[Il passero solitario]. «Idilio» en tres estrofas de Giacomo Leopardi (1798-1837), compuesto quizás entre 1819 y 1821, acaso modificado luego y publicado con los Cantos (v.) de 1835.
Motivo antiguo este de El pájaro solitario (que tiene ya su «fabulita» en su calificación de solitario) que aparece ya al final del Salmo CI (8); «Vigilavi et factus sum sicut passer solitarius in tecto»; y Petrarca había cantado también «Passer mai solitario in alcun tetto/ Non fu quant’io» [«Jamás pájaro en tejado alguno se halló solitario/como yo»], donde la comparación está ya manifiesta; se pueden citar también, como se ha hecho, un pasaje del Morgante (v.) (XIV, 60): «La passer penserosa e solitaria/Che sol con seco starsi si diletta» [«La pajarilla pensativa y solitaria/que no se deleita sino estando sola consigo»]; el estrambote en que Panfilo Sasso dice de sí: «Come fa il passer solitario i’volo /Piangendo la mia cruda e trista sorte» [«Como hace el pájaro solitario yo vuelo/ Llorando mi cruda y triste suerte»]; etc.

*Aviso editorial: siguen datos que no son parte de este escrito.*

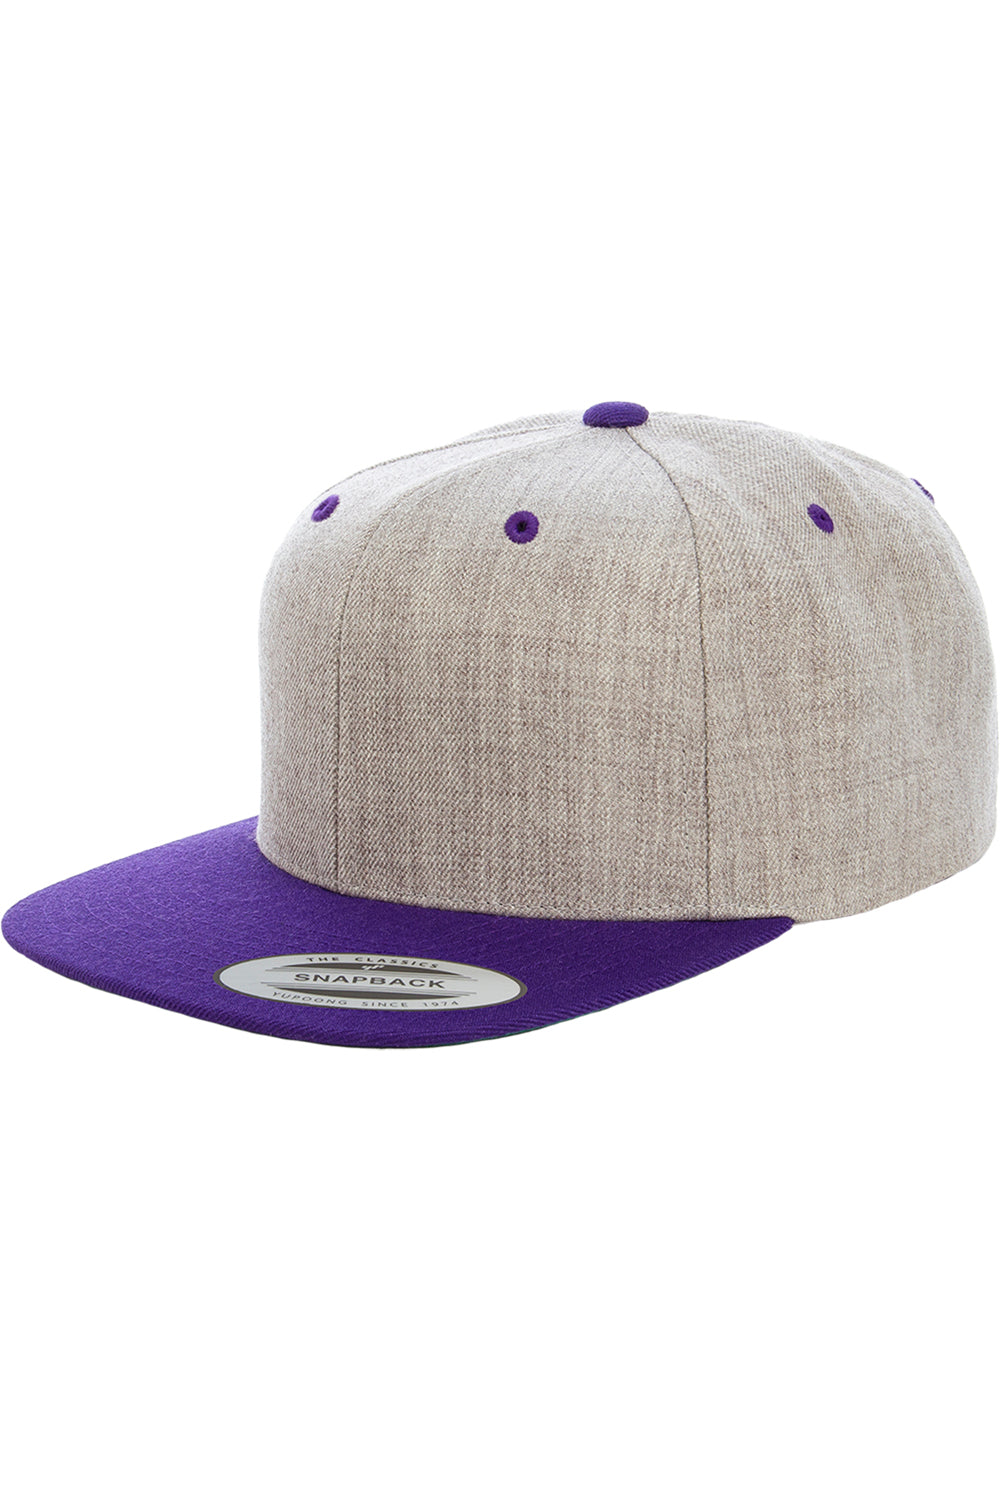 Yupoong 6089MT Mens Adjustable Hat Heather Grey/Purple Front

E infinitos ejemplos se podrían añadir; también en el capítulo de Benvenuto Cellini sobre la prisión se lee: «Cantava un passer solitario forte/Sopra la rocca, etc.» [«Cantaba fuerte un pájaro solitario/sobre la roca»]. Pero se puede decir que este motivo llega a su madurez suprema en el canto dé Leopardi, que profundizó en él, creando en torno al pájaro solitario el paisaje ideal, así de campos y horizontes como de estación, y estableciendo al mismo tiempo una relación novísima entre la fiesta y la primavera, entre la juventud y la nueva época del año.

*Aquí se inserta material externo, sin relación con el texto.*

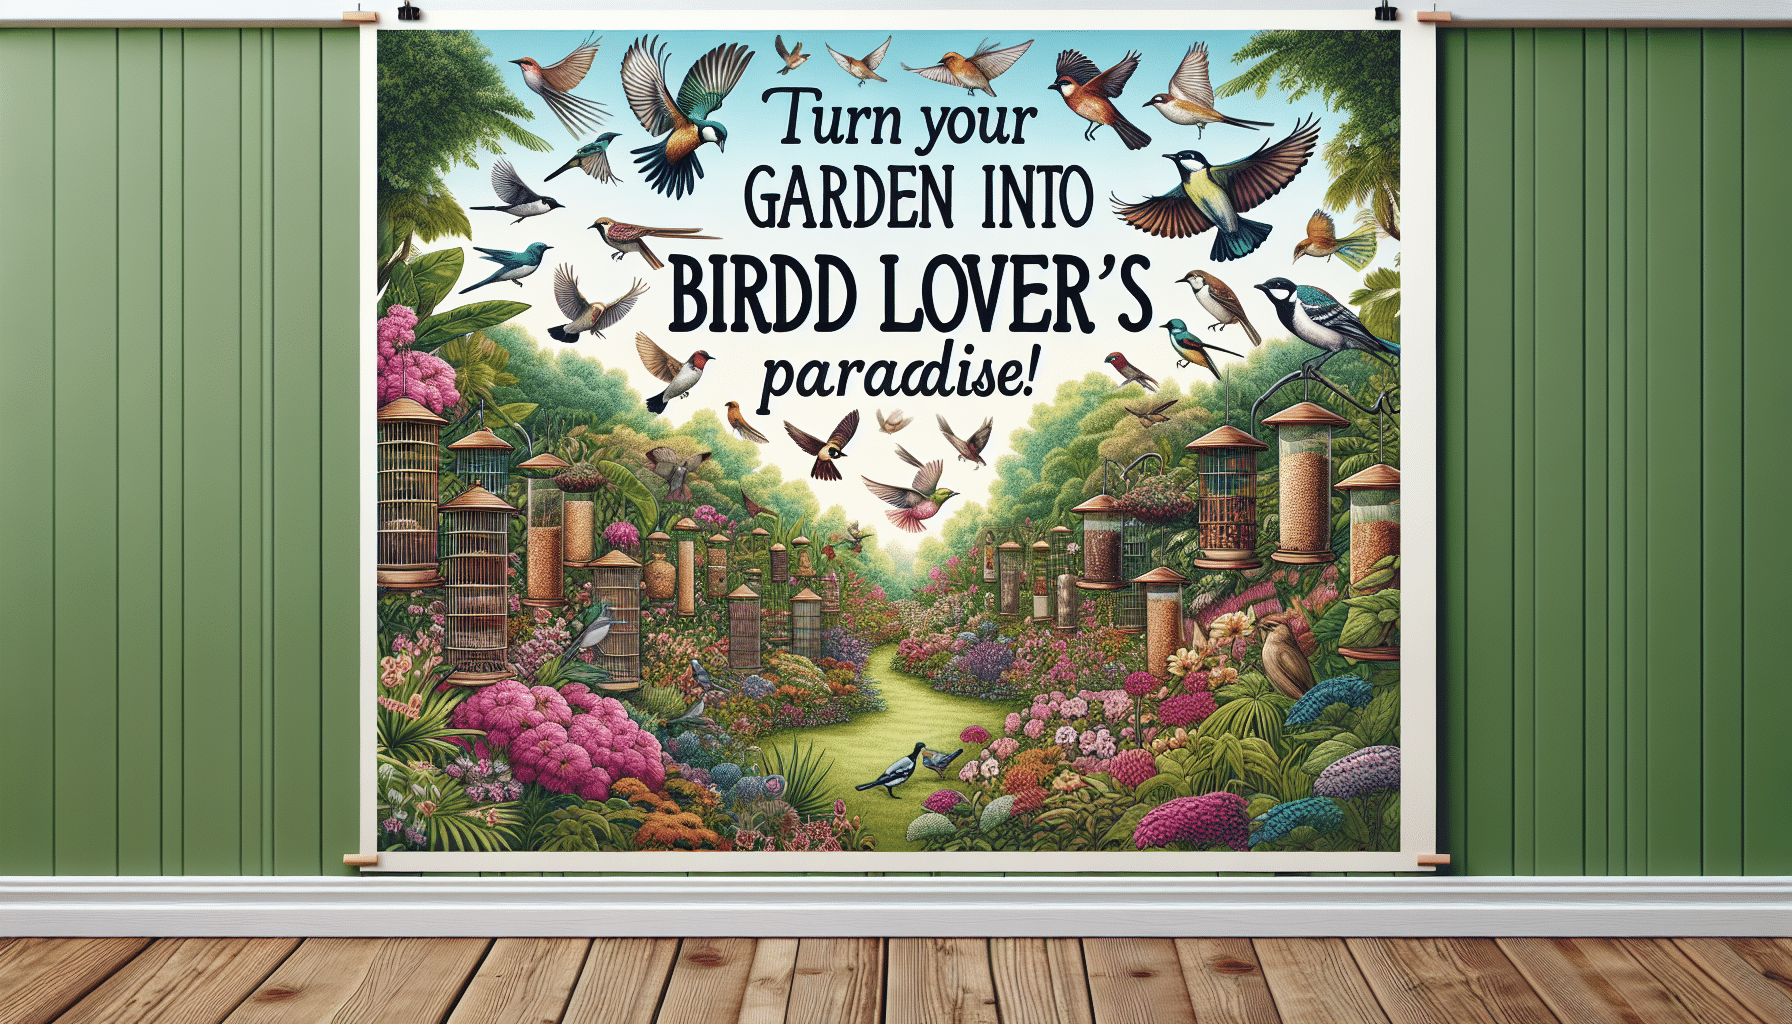 discover how to transform your garden into a bird lover's paradise and attract more feathered visitors with expert tips and ideas.

Los aspectos naturales de las cosas, los acontecimientos de la tierra, son siempre tomados por Giacomo Leopardi como una representación de su suerte humana, como si la naturaleza, con ritos de aire, de luz, de plantas, de campos, de montes, narrase la vida dolorosa del poeta. Y como sus afectos son tanto más profundos cuanto menos diversos, la materia del arte leopardiano es como una serie de variaciones (que tiene el rigor esencial de las variaciones sinfónicas) en torno a pocos temas fundamentales, todos los cuales después, con mayor o menor relieve, con más o menos intensidad, son recordados en cada poesía.
Aquí, el pájaro y la primavera traducen en formas-de canto y de paisaje un día de fiesta, la escena de la soledad elegiaca, como se representa en el ánimo de Giacomo Leopardi.